January 7, 1995 in Nation/World

Balanced Budget Plan Could Be Shot Down Proposal To Limit Tax Hikes Could Drag Down Amendment

Los Angeles Times

With a vote in the House fast approaching, the proposed constitutional amendment to require a balanced federal budget is facing divisions among supporters that some fear could threaten its best chance of passage in years.

The proposal, a cornerstone of the Republicans’ “Contract With America,” had been widely expected to sail through Congress. But as hearings on the amendment began this week, some proamendment legislators and advocacy groups have become panicked the amendment could be shot down because of some House Republicans’ insistence that it include language requiring that federal tax increases be passed by 60 percent margins in both houses.

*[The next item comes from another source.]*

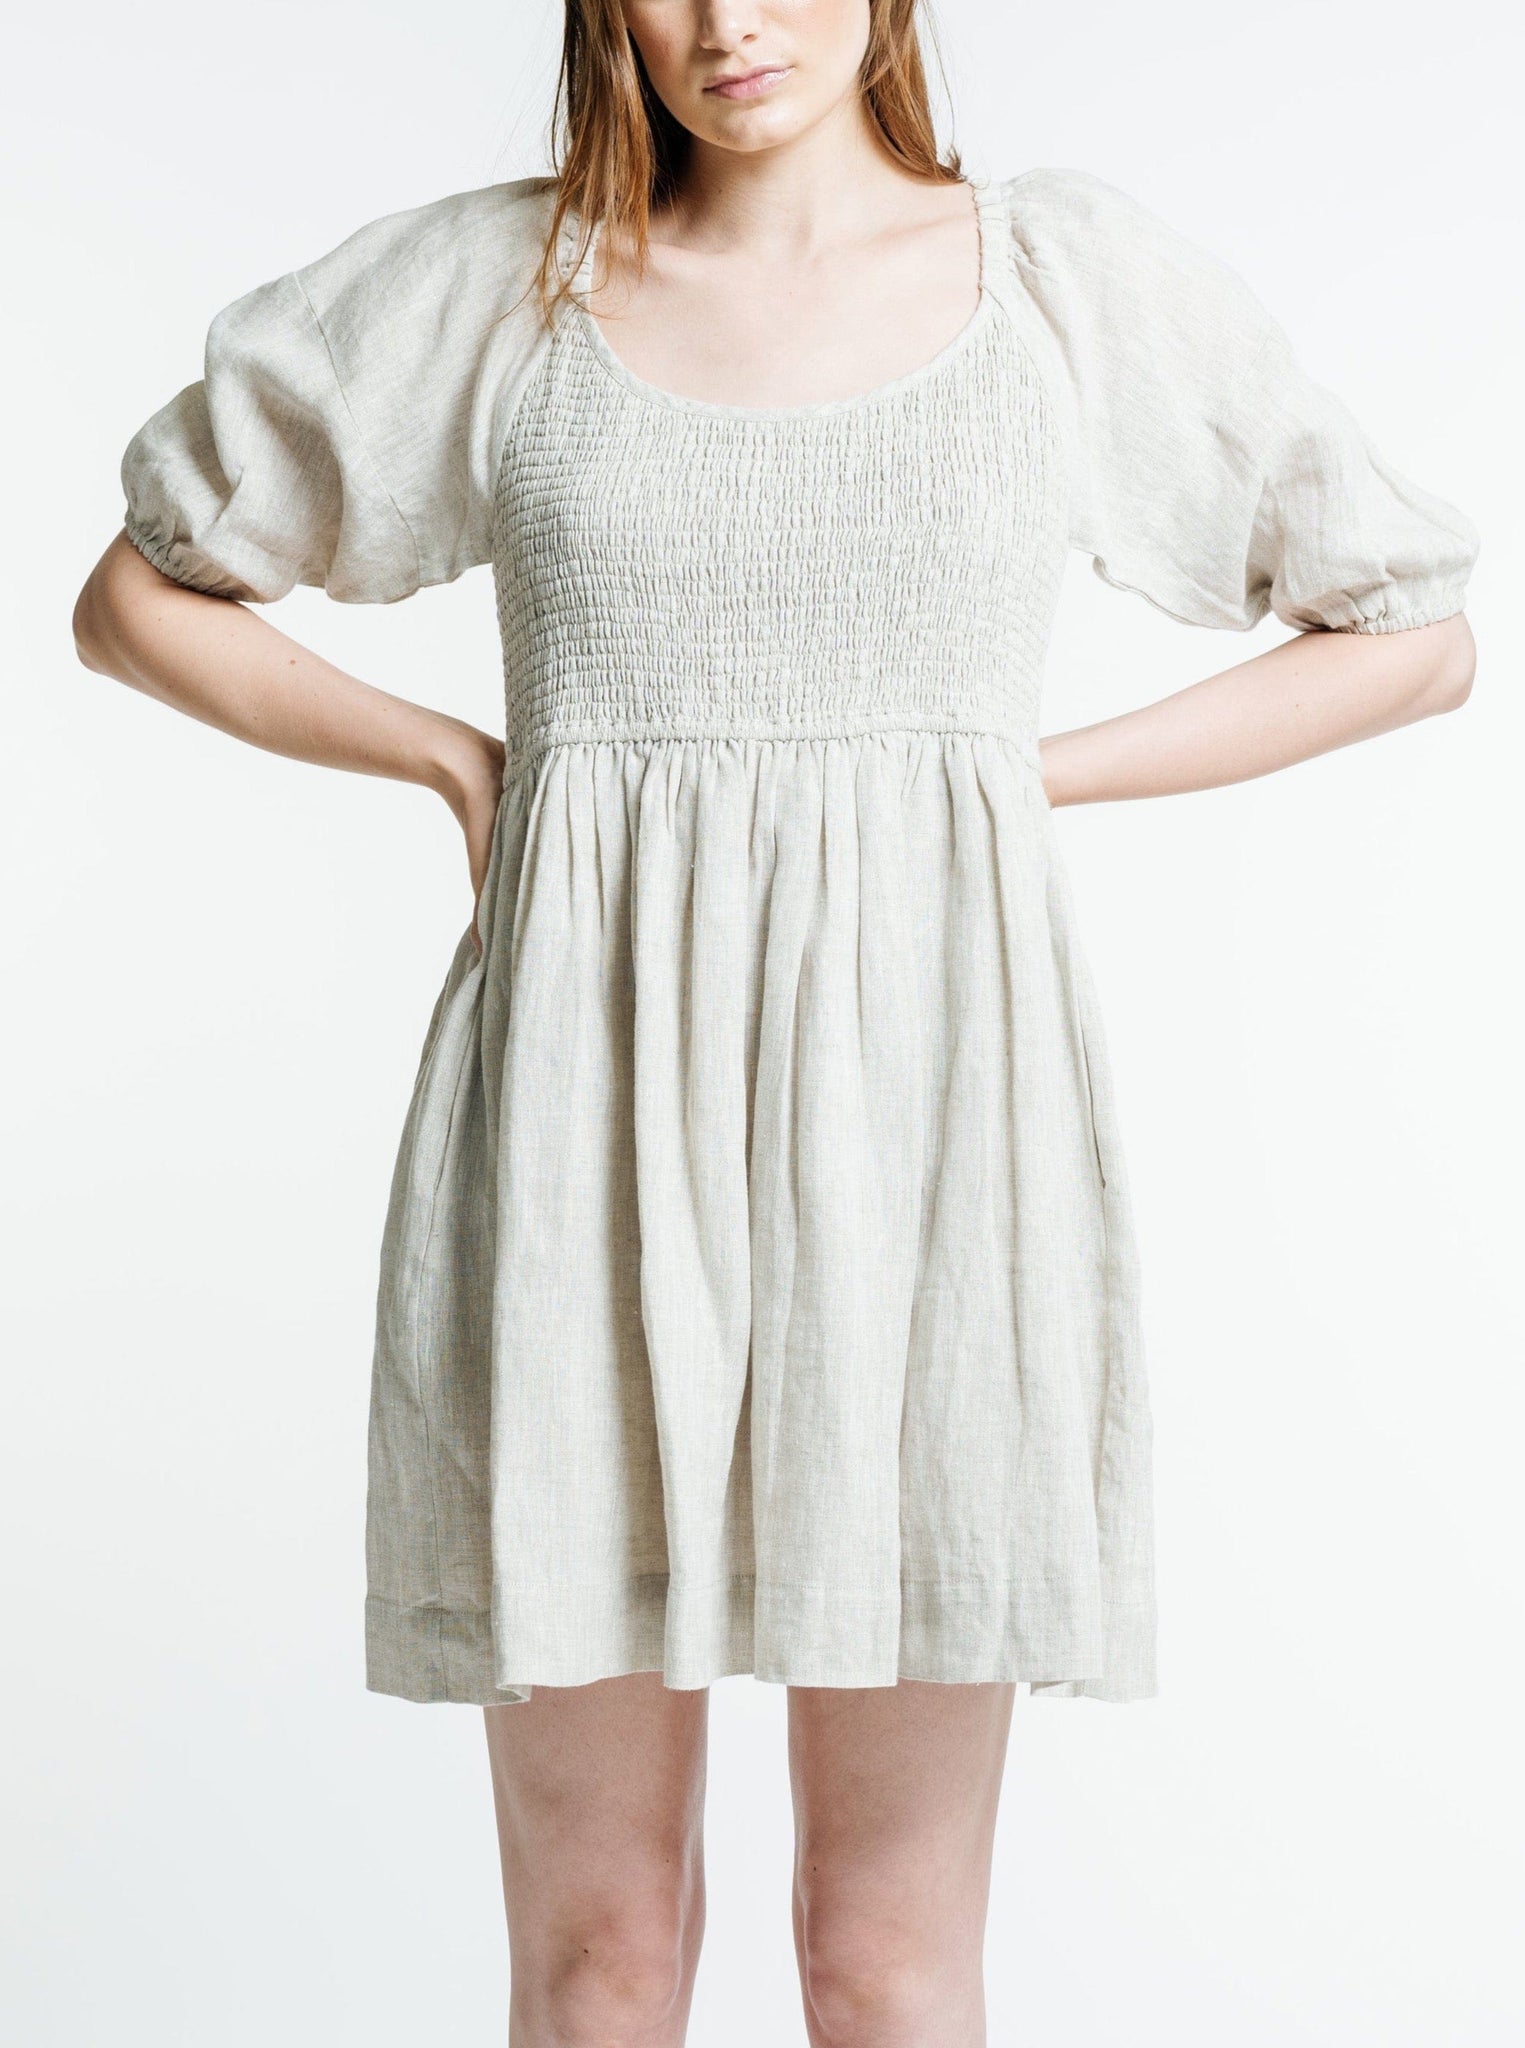 The model is wearing a Carmen Mini Dress - Natural in organic linen, perfect for the summer sun.

Such language is included in the version of the proposal that was written in the “Contract With America” and promoted by House Speaker Newt Gingrich and House Republican Whip Rep. Dick Armey. But nervous supporters worry that the tax-limiting language may drive away at least a handful of the Democrats needed to give the proposal the two-thirds support required in the Senate to pass a constitutional amendment.

“This is a killer amendment,” said Martha Phillips, executive director of the Concord Coalition, a group pushing for elimination of the deficit. “It may waste the one perfect opportunity to get this amendment.”

An aide to Sen. Paul Simon, D-Ill., co-sponsor and longtime champion of the proposal, predicted flatly that, with the tax-limiting language “the votes are just not there. There’s no question.”

The differences over the issue again illustrate the fissures that divide the more moderate Senate Republicans from their House counterparts who have been galvanized by the Republicans’ election sweep.

The balanced budget amendment now in the Senate was developed six years ago. The 44 original co-sponsors, including Majority Leader Bob Dole, gradually cobbled together a bipartisan coalition of supporters.